Revenus, diplôme, milieu social, lieu d’habitation, sexe, âge… le recours aux soins dépend d’un ensemble de facteurs dont il est difficile de distinguer l’influence respective. Les progrès ont été considérables dans ce domaine au cours des dernières décennies. Pour autant, les pratiques demeurent fortement différenciées et une partie de la population renonce aux soins.

Les femmes vont davantage chez le médecin spécialiste. 55 % des femmes en ont consulté un dans l’année contre 41,6 % des hommes, selon l’enquête Santé et protection sociale de l’Institut de recherche et de documentation en économie de la santé (Irdes, données 2014). Les jeunes de 15 à 39 ans (40,6 %) vont aussi beaucoup moins souvent chez un spécialiste que les 65 ans et plus (60,6 %). Les cadres supérieurs sont 53 % dans ce cas contre 44 % des ouvriers.
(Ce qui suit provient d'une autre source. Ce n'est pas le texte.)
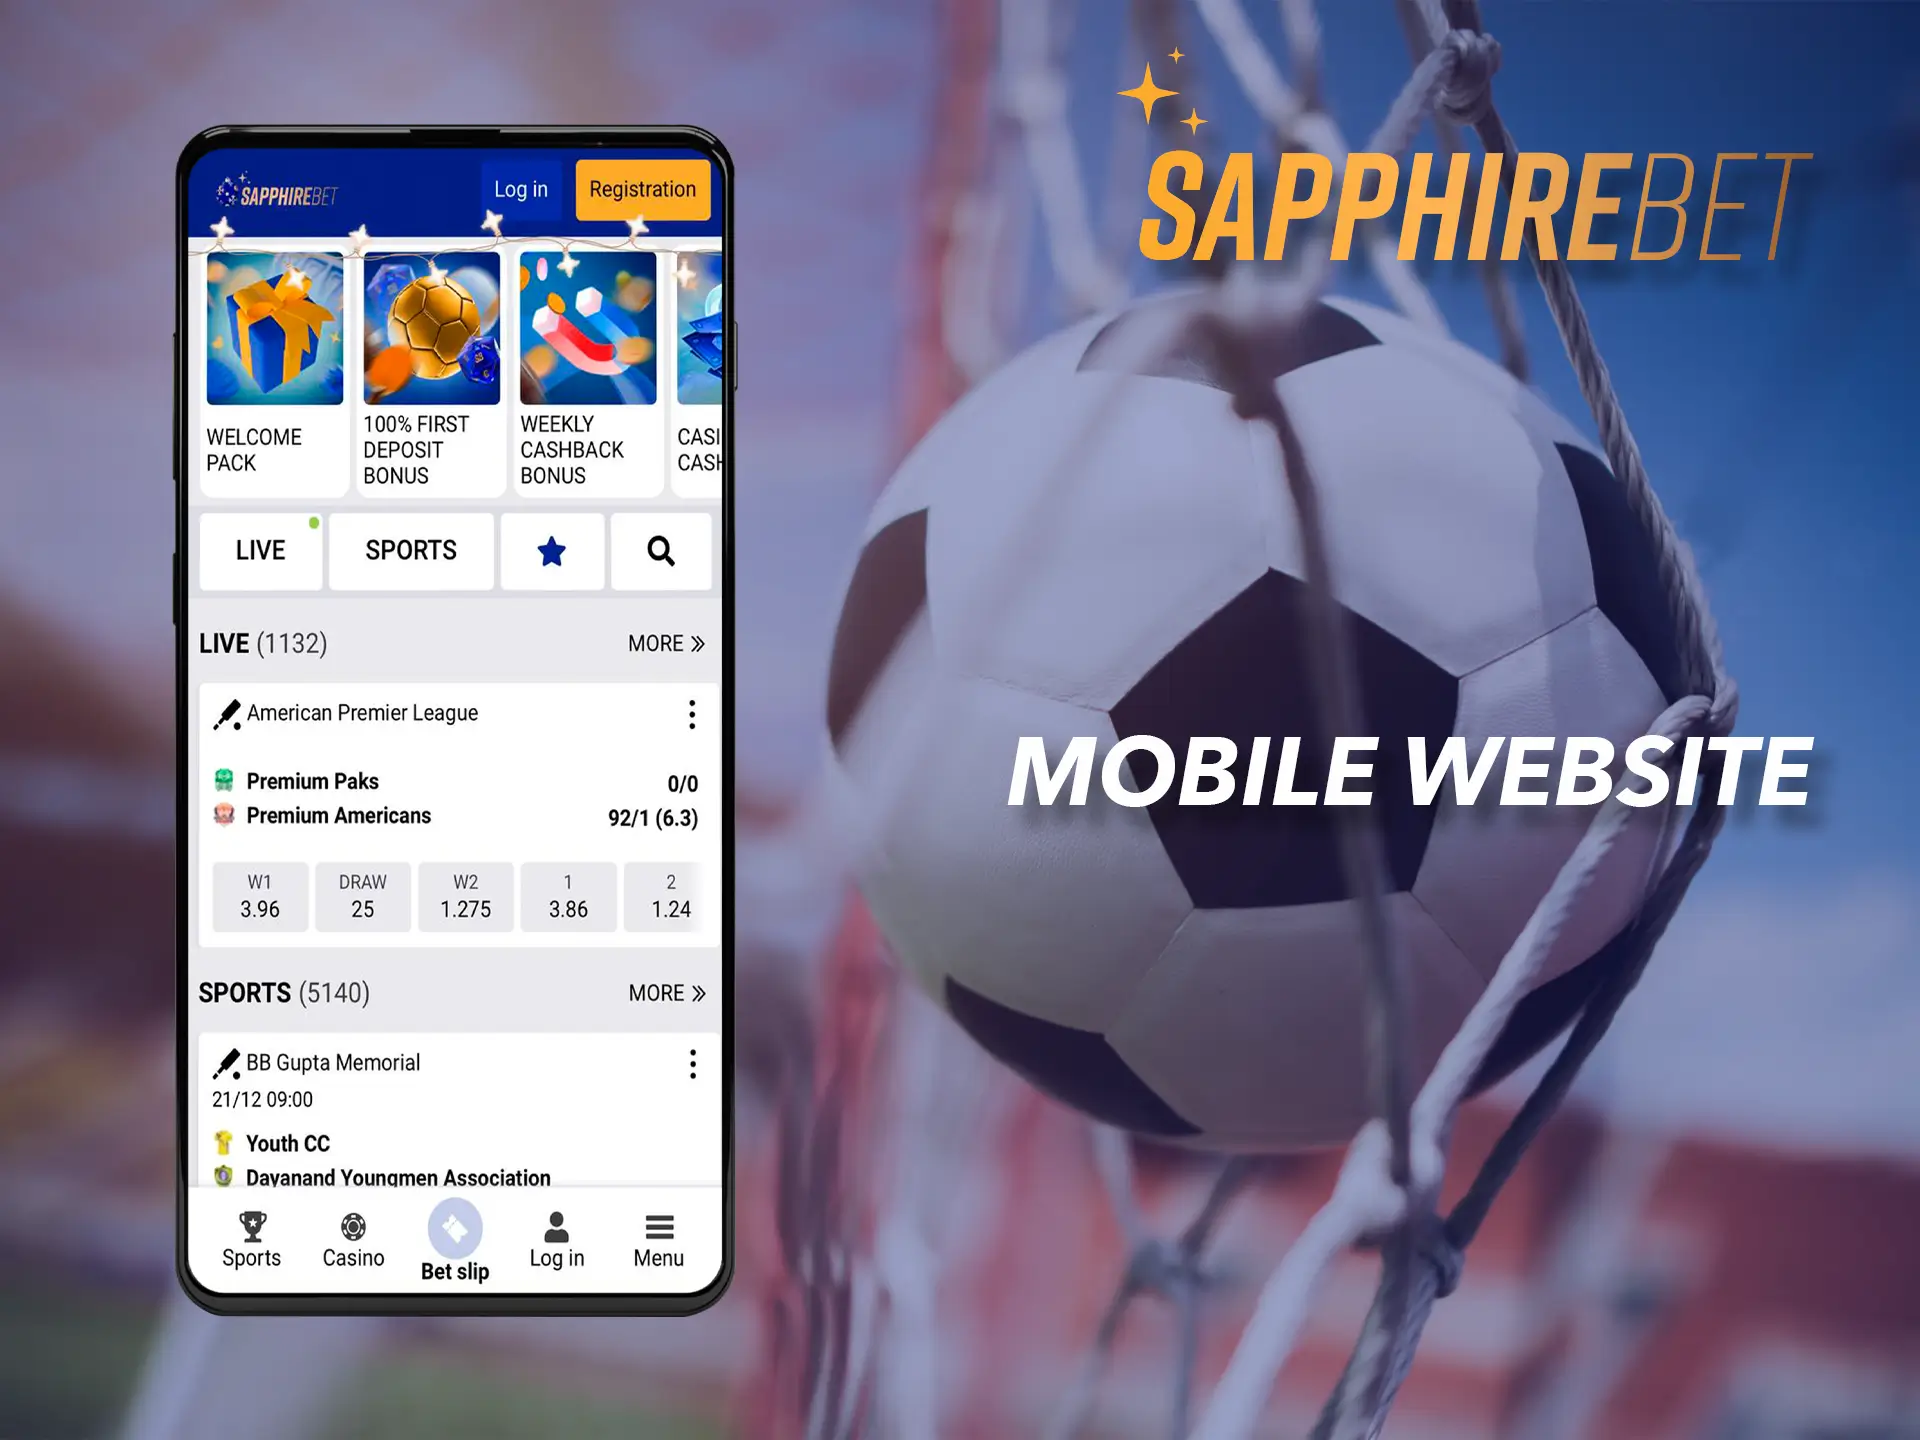 Sapphirebet's mobile site works and adapts perfectly on any device.

Ces écarts s’expliquent par de très nombreux facteurs. La condition physique joue bien sûr pour expliquer l’écart entre les jeunes et les vieux. Des facteurs socioculturels comptent aussi. La socialisation des filles et des garçons depuis la plus petite enfance aboutit à une attention au corps différenciée. La résistance physique est valorisée dans les milieux populaires qui ont des métiers beaucoup plus éprouvants, où il faut « tenir ». Le risque sanitaire n’est pas mesuré de la même façon, notamment en fonction de l’information dont on dispose sur les maladies et leurs symptômes. Les catégories diplômées associent par exemple davantage pratiques alimentaires et santé que les non-diplômés. S’y ajoutent des obstacles très concrets, comme le risque de perdre son emploi (notamment pour les précaires) ou ses contrats professionnels (pour les non-salariés) pour celui qui se retrouve placé en arrêt maladie.
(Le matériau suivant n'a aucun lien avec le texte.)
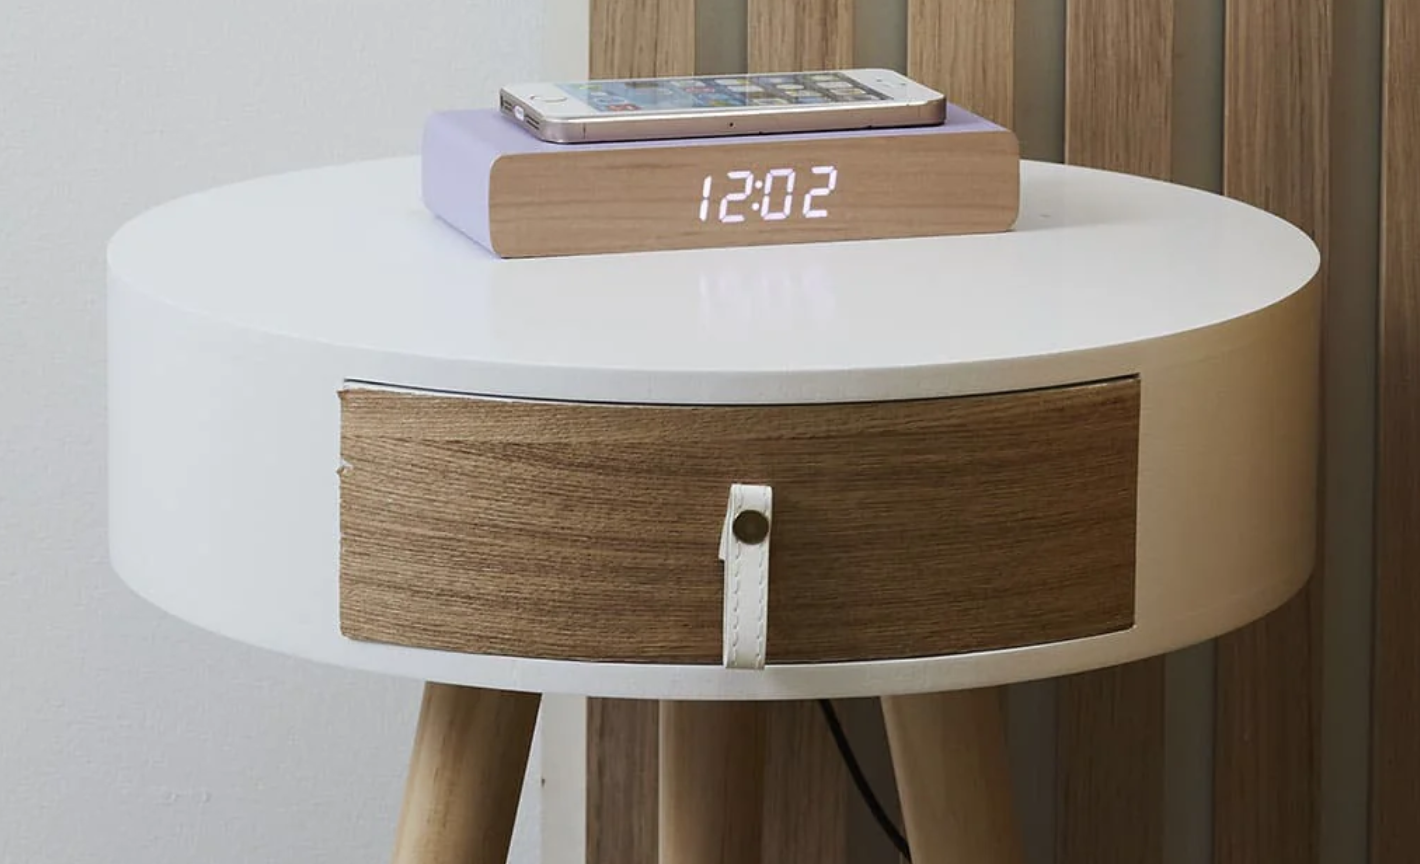 Alarm Clock & Wireless Phone Charger

Le recours aux soins dépend aussi des capacités d’accès. Elles peuvent être liées à l’information sur l’offre de soins (qui voir et où aller ?) inégale selon les milieux sociaux, ou comme la distance aux lieux de soins. La quasi-totalité de la population vit à moins de quinze minutes d’un généraliste, mais près d’un quart à plus de quinze minutes d’un ophtalmologue. Dans ce domaine, vivre en milieu rural est un handicap certain mais l’absence de spécialistes est grand aussi dans certains territoires urbains (notamment en banlieue nord et est de Paris) où, rapportée à la population concernée, la densité médicale est faible. Enfin, l’accès est commandé par des barrières financières. Les évaluations divergent quant à son niveau (lire notre article) et la couverture des soins progresse, mais une partie de la population française renonce encore à des soins ou les repousse parce qu’elle n’en a pas les moyens.
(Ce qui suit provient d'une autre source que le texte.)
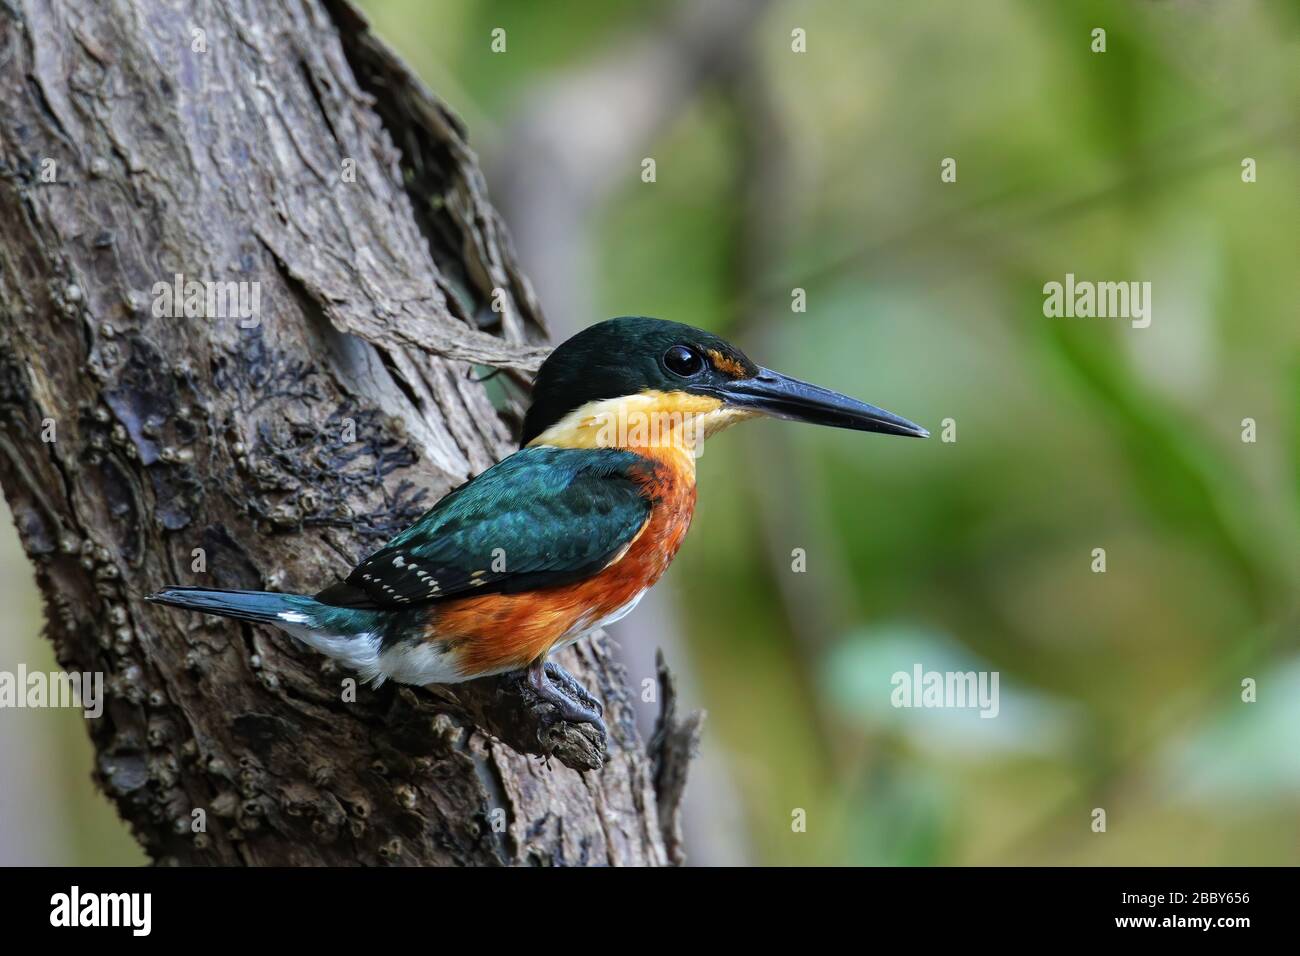 American pygmy kingfisher (Chloroceryle aenea) perched on a stick, Costa Rica Stock Photo

Le recours aux soins dépend d’un ensemble de facteurs économiques, sociaux et culturels liés entre eux. L’accès au médecin généraliste est largement assuré, sauf à de rares exceptions. L’enjeu porte sur les soins spécialisés et coûteux, la prévention, ainsi que sur le délai d’accès aux soins. La question se pose en particulier pour les soins dentaires et l’optique, qui représentent à eux seuls les trois quarts de renoncements pour raison financière. De façon plus large, le recours aux soins – et notamment la prévention – dépend aussi de l’éducation à la santé et de l’information sur les risques et l’offre de soins au sein des catégories de populations qui en sont le plus éloignées.